The resulting composite index reflects the characteristics of each cluster and provides a more nuanced picture of social development than a single index for all countries combined.

One advantage of the cluster analysis method is that it allows us to identify groups of observations with similar characteristics and create composite indices tailored to each group. It also allows us to take into account the relative importance of each variable in defining each group. However, the method is sensitive to the choice of distance metric and clustering algorithm used, which may affect the resulting clusters and composite indices. Therefore, it is important to carefully evaluate the assumptions and limitations of the method when using it to create a composite index.

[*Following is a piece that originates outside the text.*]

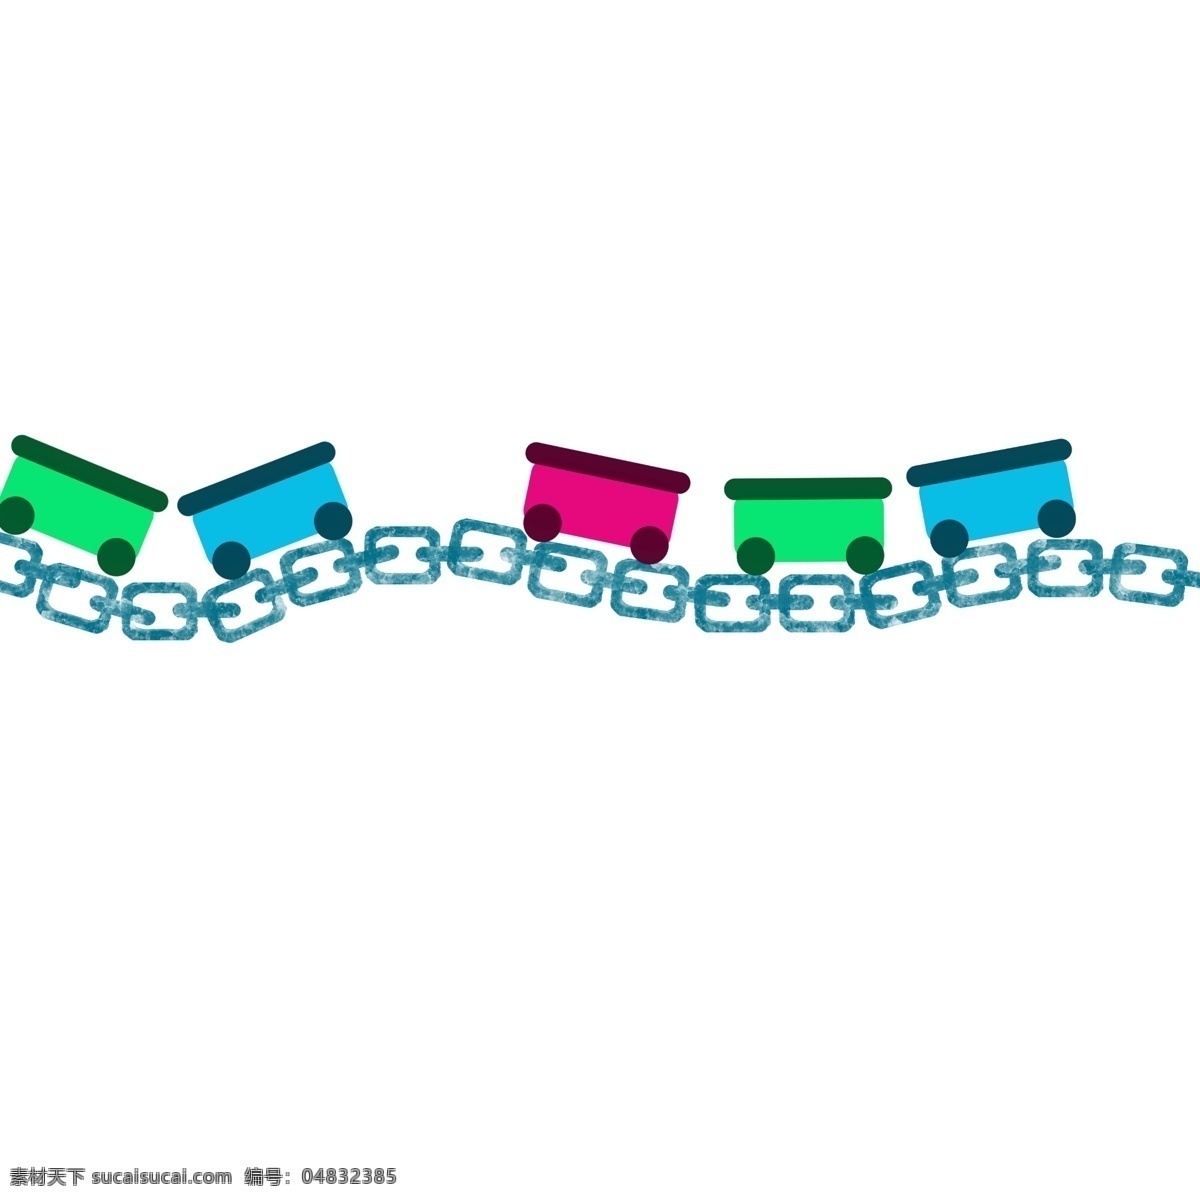 玩具 锁链 分割线 插画 玩具分割线 彩色的分割线 锁链分割线 创意分割线 手绘分割线 卡通分割线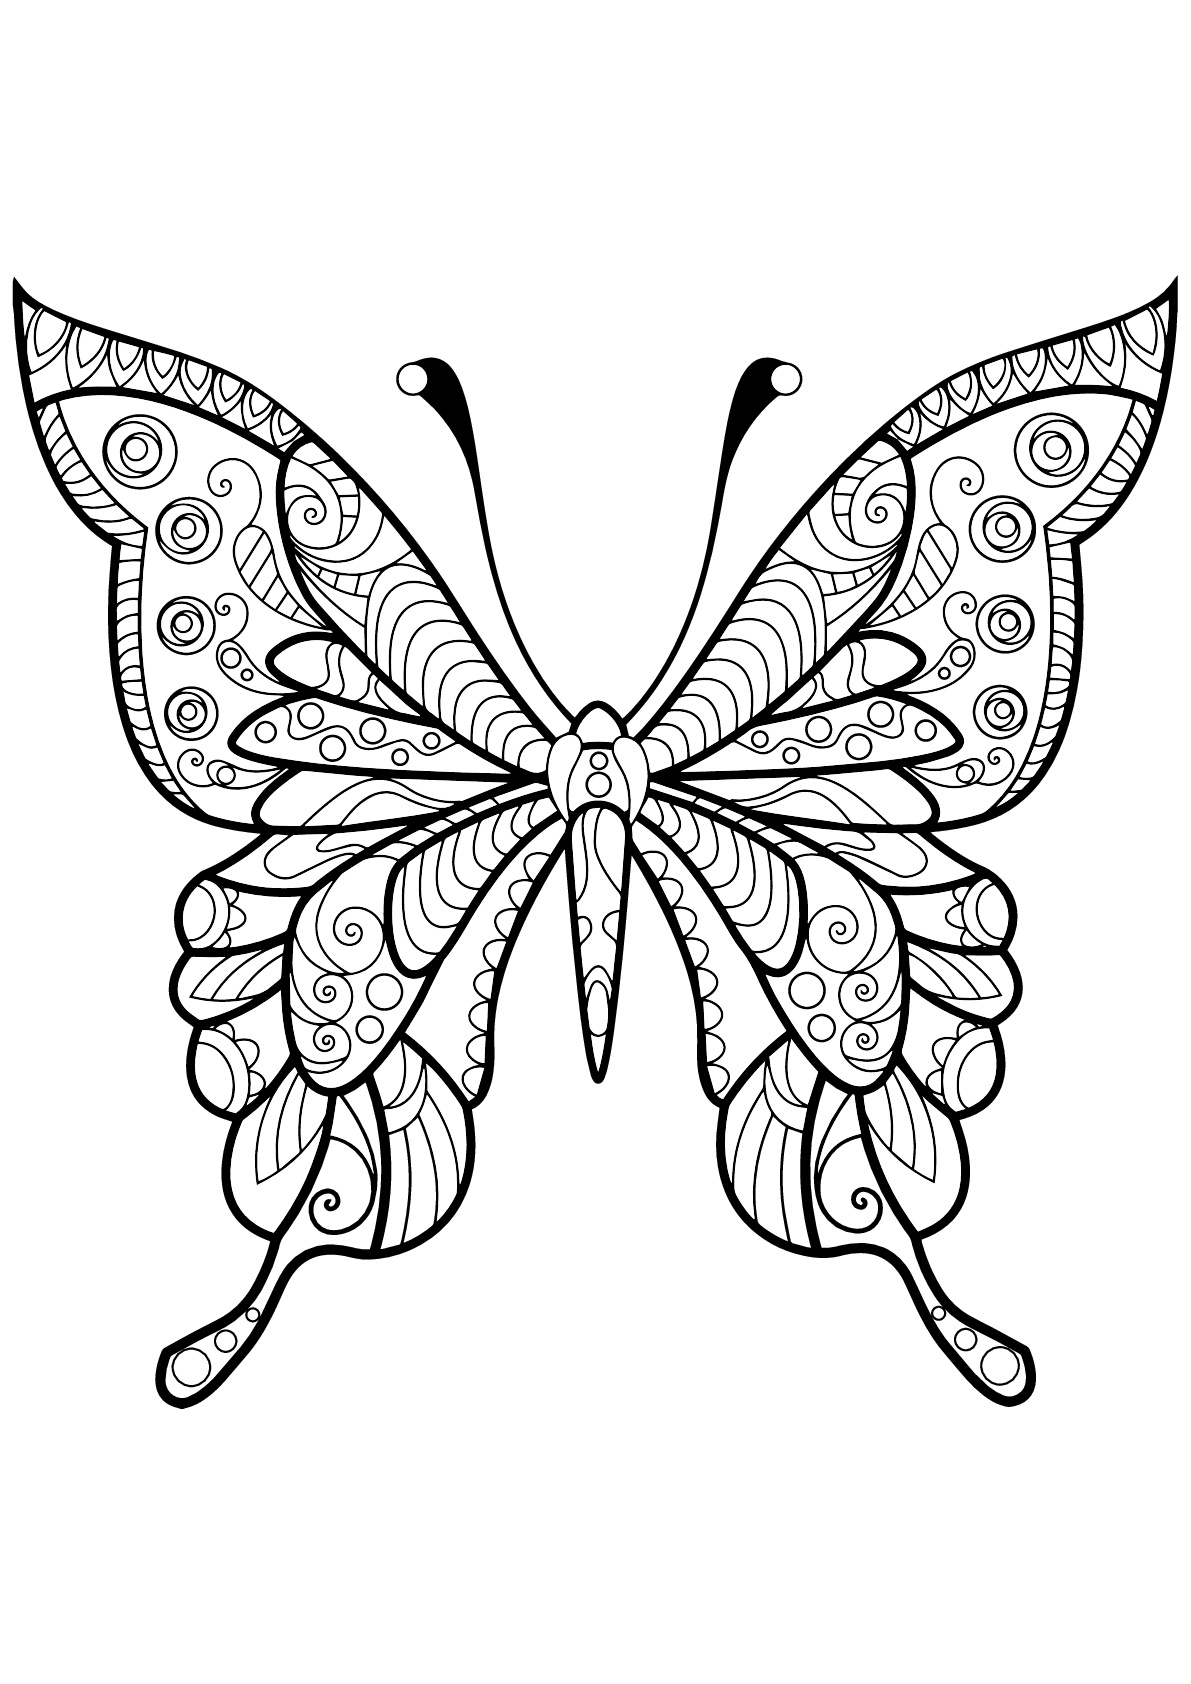 Mariposa con bellos e intrincados dibujos - 4

6. Regression analysis: Regression analysis is another technique that can be used to create a composite index. It involves estimating a linear regression model that predicts an outcome variable (e.g., economic development) from a set of predictor variables (e.g., GDP per capita, education level, healthcare expenditure). The coefficients of the regression model are then used as weights to combine the predictor variables into a composite index.

The regression model can be estimated using a variety of techniques, such as ordinary least squares regression or ridge regression. The choice of technique will depend on the characteristics of the data and the goals of the analysis.

To illustrate how regression analysis can be used to create a composite index, consider the following example. We want to create a composite index of social welfare for different states in a country, and we have data on four variables: poverty rate, unemployment rate, education level, and healthcare expenditure. We would first estimate a linear regression model that predicts social welfare from these variables:

  • Social Welfare = b0 + b1 * Poverty Rate + b2 * Unemployment Rate + b3 * Education Level + b4 * Healthcare Expenditure + e

where b0 is the intercept, b1-b4 are the regression coefficients for each predictor variable, and e is the error term.

The regression coefficients indicate the strength and direction of the relationship between each predictor variable and social welfare, holding all other variables constant. For example, a positive coefficient for education level would indicate that states with higher education levels tend to have higher social welfare levels, all else being equal.

To use the regression coefficients as weights for the composite index, we would first normalise them to ensure that they sum to 1. We can do this by dividing each coefficient by the sum of all coefficients:

  • Weighted Index = (b1/sum(b1-b4)) * Poverty Rate + (b2/sum(b1-b4)) * Unemployment Rate + (b3/sum(b1-b4)) * Education Level + (b4/sum(b1-b4)) * Healthcare Expenditure

The resulting composite index reflects the relative importance of each predictor variable in predicting social welfare, as determined by the regression model.

One advantage of the regression analysis method is that it allows us to estimate the contribution of each predictor variable to the composite index, and to control for the effects of other variables in the analysis. However, the method assumes that the relationship between the predictor variables and the outcome variable is linear and that there are no interactions among the variables. It may also be sensitive to outliers or influential observations in the data. Therefore, it is important to carefully evaluate the assumptions and limitations of the method when using it to create a composite index.